Ser buenas personas no es de tontos
No hablamos ni escribimos lo suficiente
sobre la importancia, el valor e, incluso, la urgencia de ser buenas
personas. Escribimos sobre la vulneración de los derechos humanos, sobre
la lucha por la igualdad, sobre las fallas de la justicia, sobre la
dignidad pisoteada, sobre la recuperación de la decencia… Y con todo
ello, damos por sentado que estamos hablando de lo básico, de lo
fundamental: de ser buenas personas.
Pero, quizás, por ser precisamente lo
obvio, lo estemos invisibilizando, tratando de dar un marco jurídico, un
contexto internacional, una legitimidad a lo que hasta hace no tanto
tiempo había un consenso social: que lo justo, lo digno, lo
respetable y hasta lo hermoso era ser solidarios, amables, educados,
respetuosos, humildes, generosos, comprensivos, justos, abiertos y
alegres -sí, ser alegre también es una forma de generosidad-.

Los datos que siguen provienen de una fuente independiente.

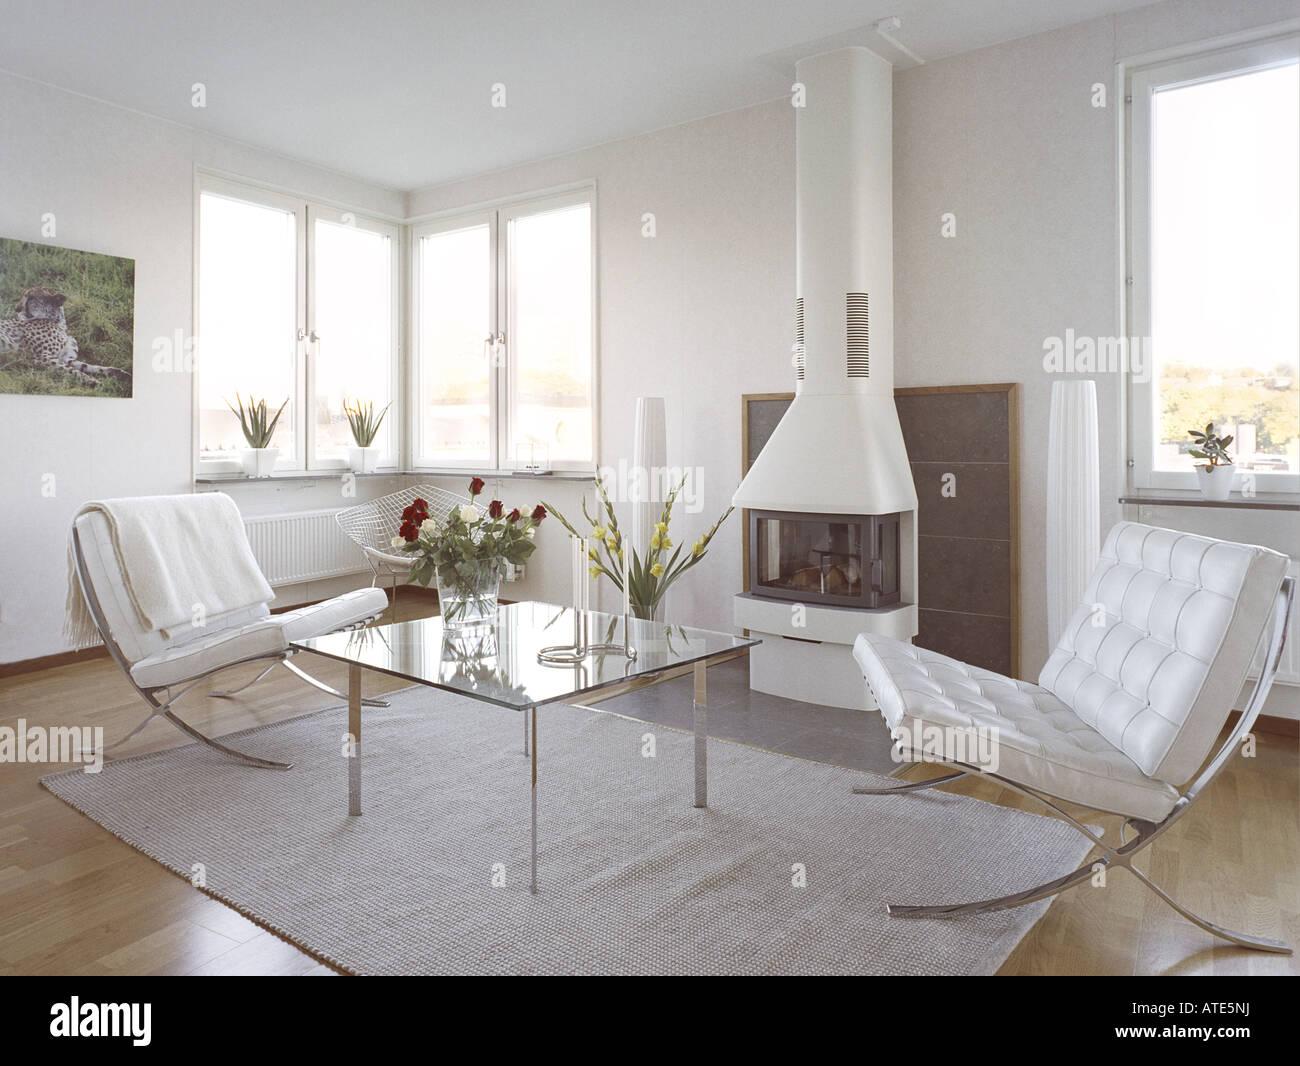 Moderne Trendige Skandinavische Inneneinrichtung Kamin Glas Stockfotografie Alamy

Han sido tantos los ataques contra estos valores en las últimas décadas,
en las que el neoliberalismo se ha encargado de inocular la
competitividad, el individualismo, la ostentación, el consumismo y la
acumulación a través de todas las vías a su alcance (los medios, la
publicidad, las políticas públicas…), que los que defendemos otras
formas de convivencia hemos volcado gran parte de nuestros esfuerzos en
crear y divulgar discursos, conceptualizaciones, análisis, propuestas y
ejemplos no sólo cargados de razón, sino también de todo el rigor y la
enjundia de los que hemos sido capaces.
Pero, a veces, se nos ha olvidado hacer
pedagogía sobre otra de las premisas básicas, ‘predicar con el ejemplo’,
o como tan acertadamente ha titulado su último libro Pepa Torres Pérez,
“Decir haciendo”.
Ser buena persona no se demuestra
en las grandes gestas, ni con elevadas declaraciones ni
escribiendo
reportajes sobre desahucios, fronteras o la pobreza. Ser buena
persona es lo que vi cuando me encontré por casualidad a Mamadou,
activista contra las políticas de extranjería, en casa de Noor. Él había
ido hasta allí desde su barrio, al otro lado de la ciudad, para recoger
su bombona de butano y cambiársela por otra nueva para que ella y sus
dos hijas no pasaran frío. Noor, marroquí, estaba embarazada de siete
meses y Mamadou, senegalés, quería ahorrarle el cargar con todos esos
kilos a sabiendas de que su marido estaba trabajando en un país lejano.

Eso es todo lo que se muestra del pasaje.